*Problem requirements*: Please reproduce all of the data below exactly, leaving each picture out.

*Raw data*:
[Start of Attachment]

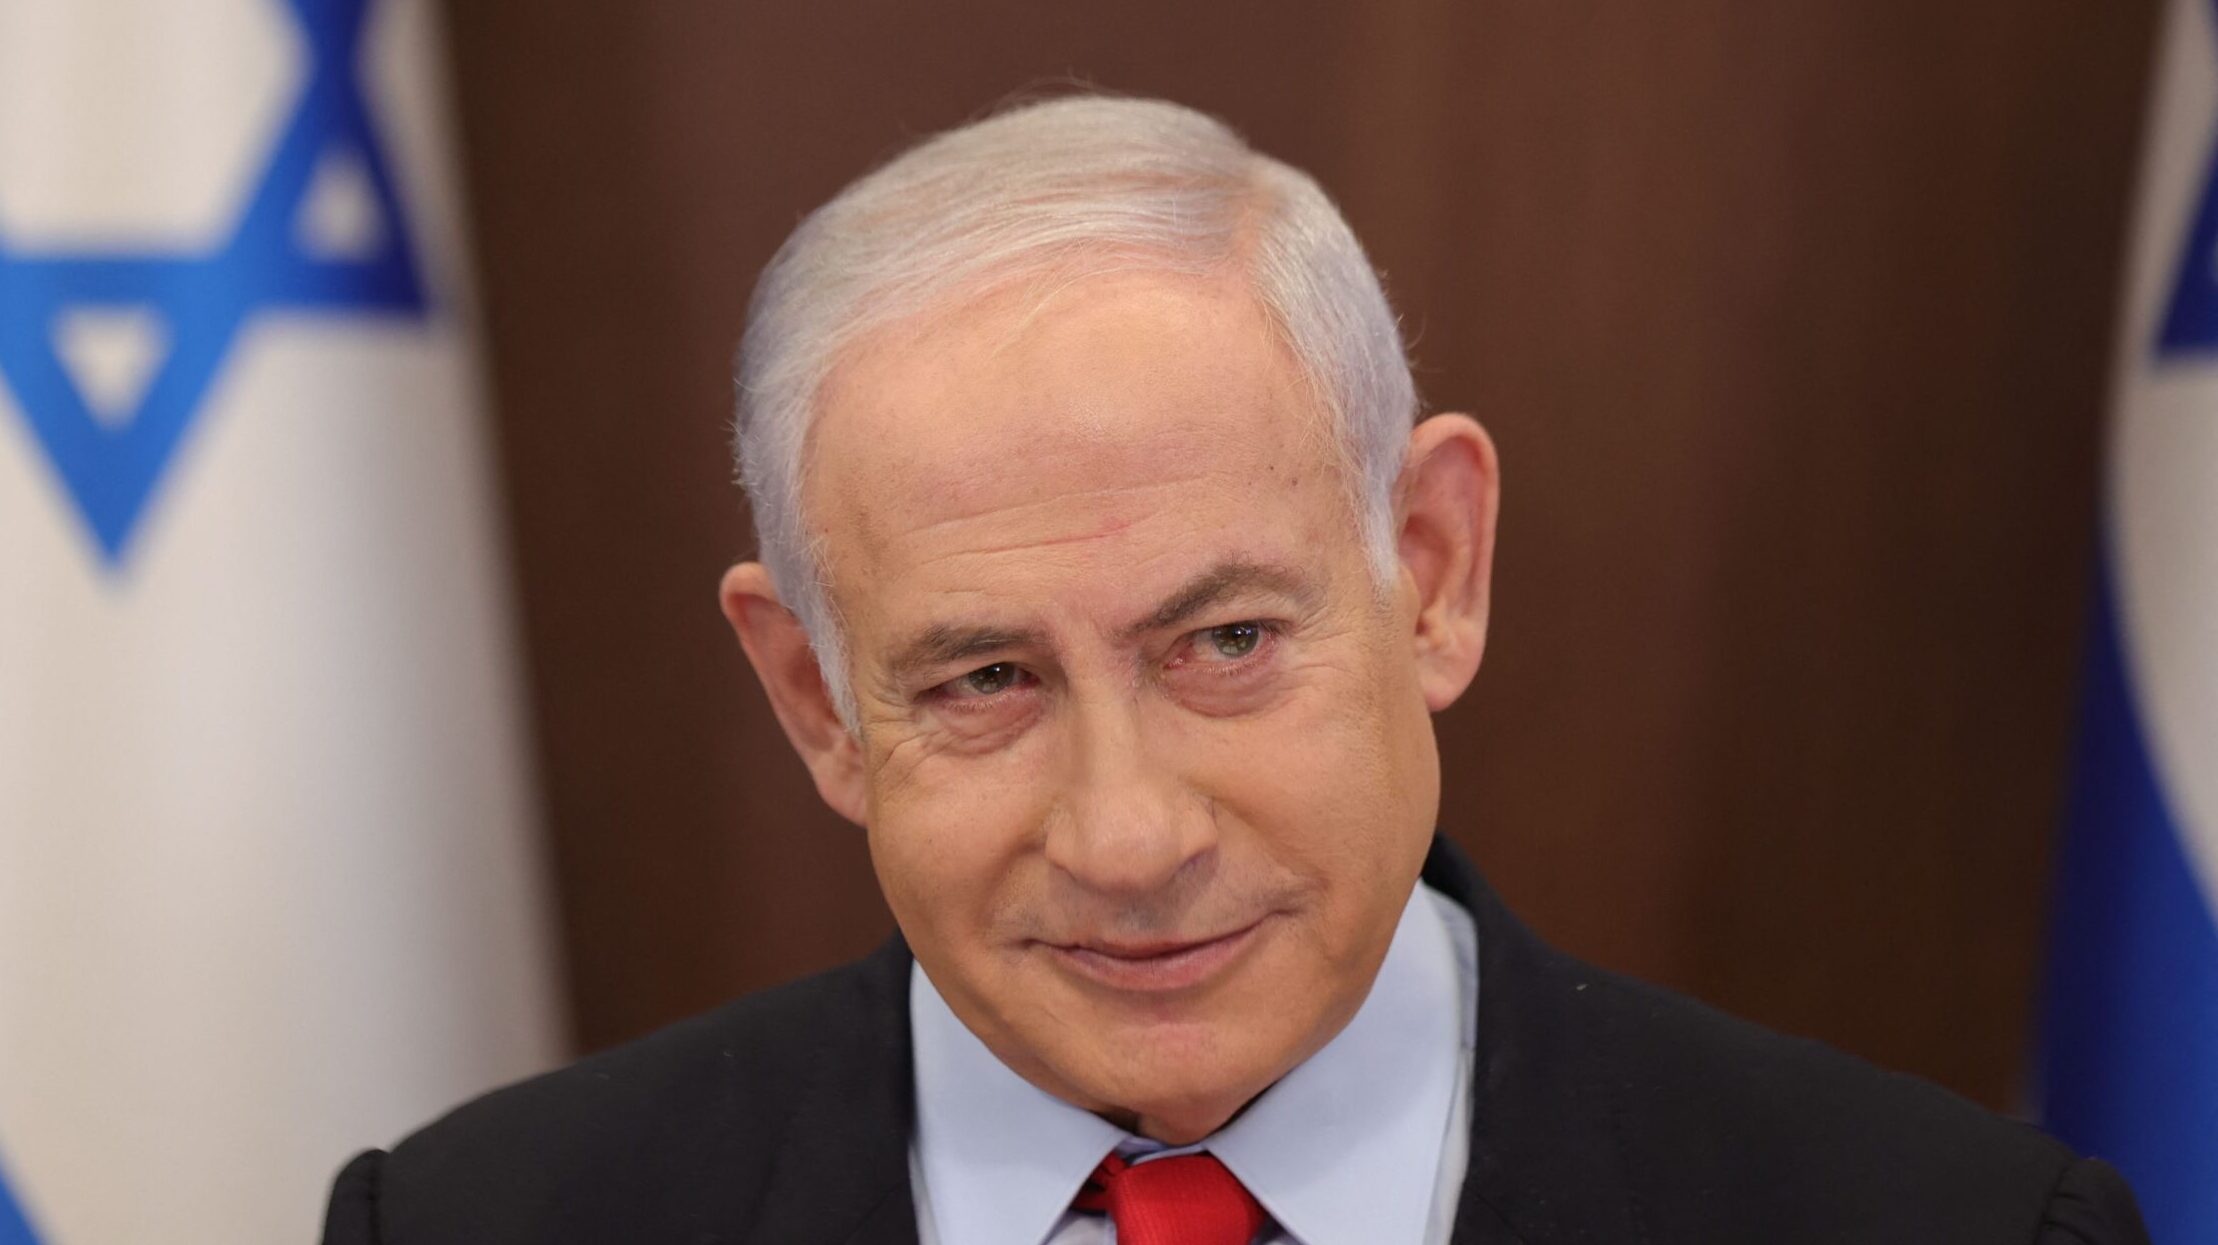 Netanyahu Rejects Hamas’ ‘Delusional’ Demands in Truce Talks, Stresses Direct Negotiations
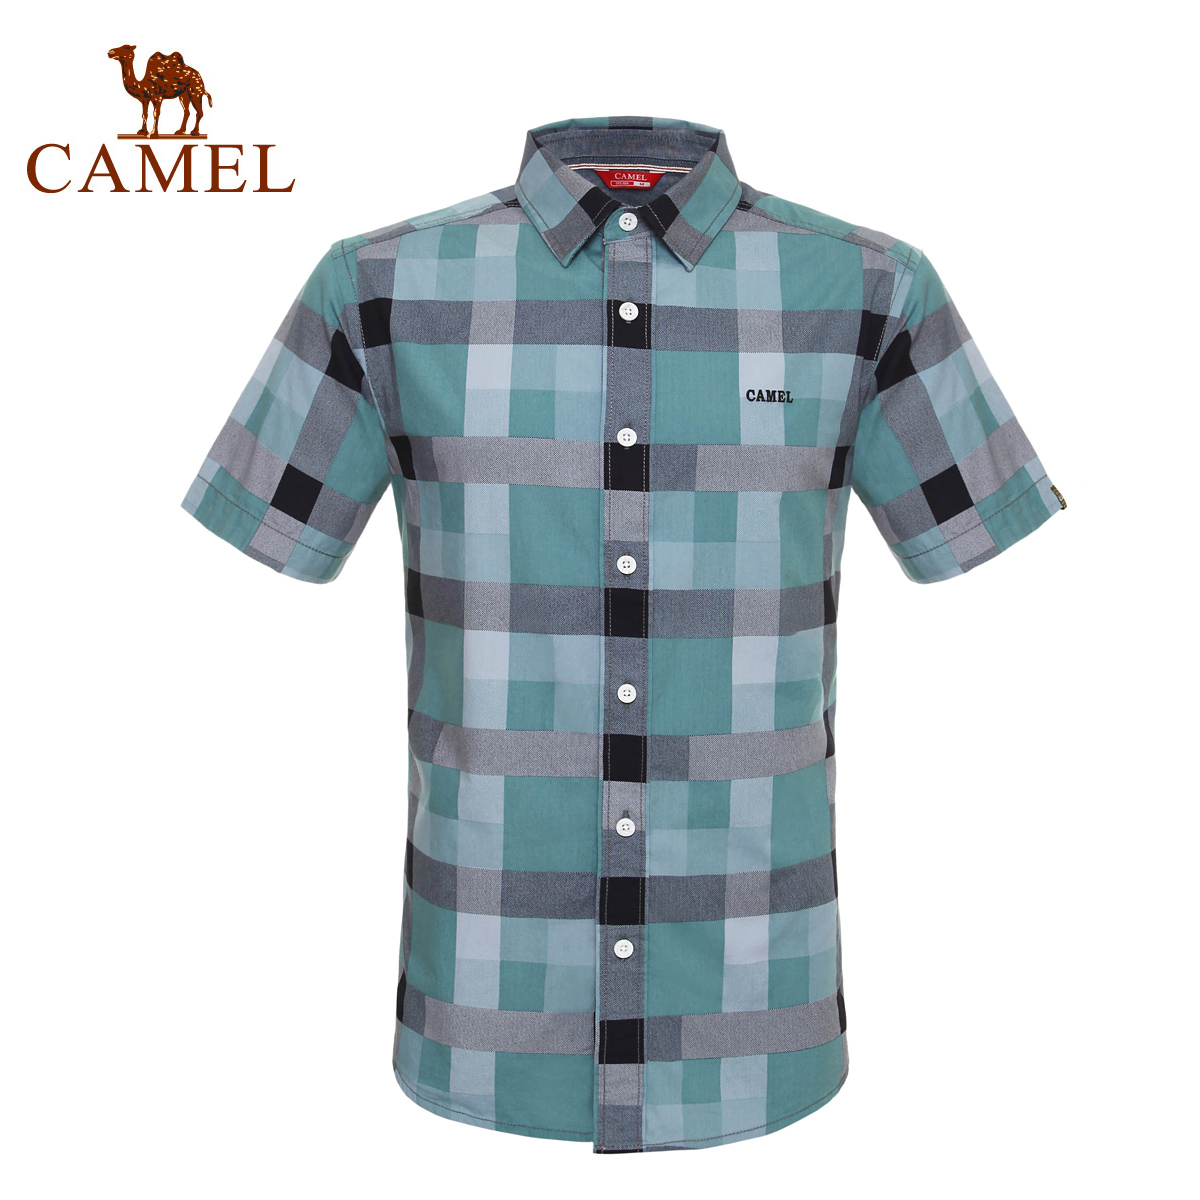 For camel outdoor casual shirt Men 2014 short-sleeve shirt cotton shirt male
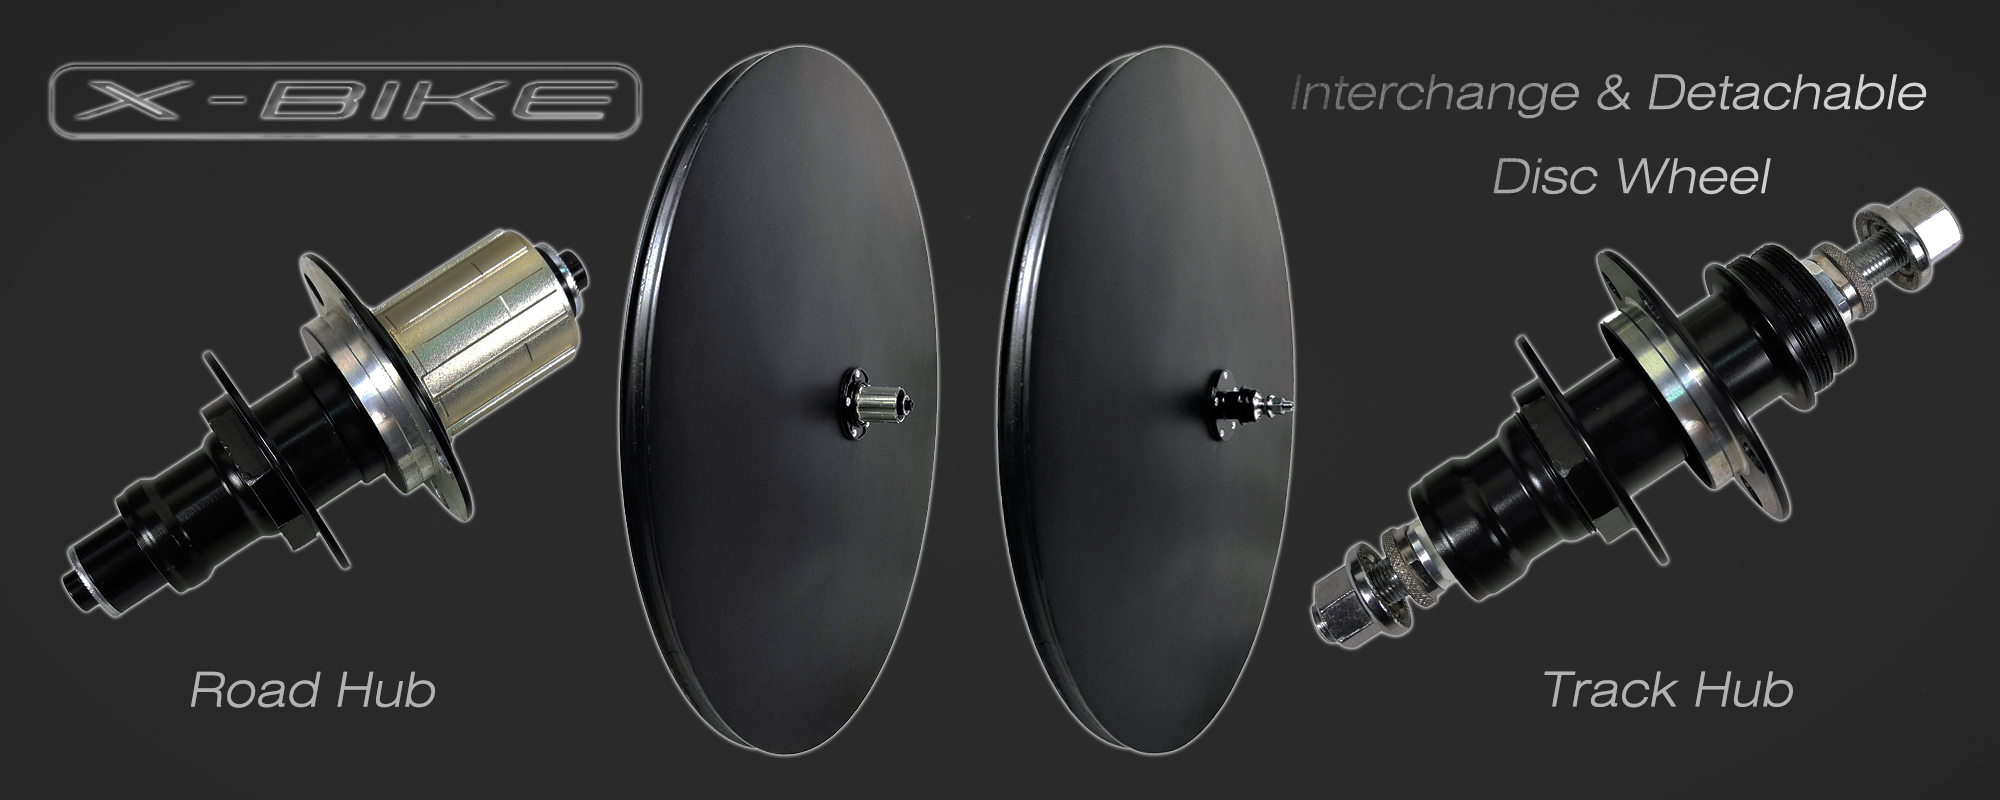 Interchange & detachable disc wheel

[End of Attachment]

*Answer space*:
 Netanyahu Rejects Hamas’ ‘Delusional’ Demands in Truce Talks, Stresses Direct Negotiations
 For camel outdoor casual shirt Men 2014 short-sleeve shirt cotton shirt male
 Interchange & detachable disc wheel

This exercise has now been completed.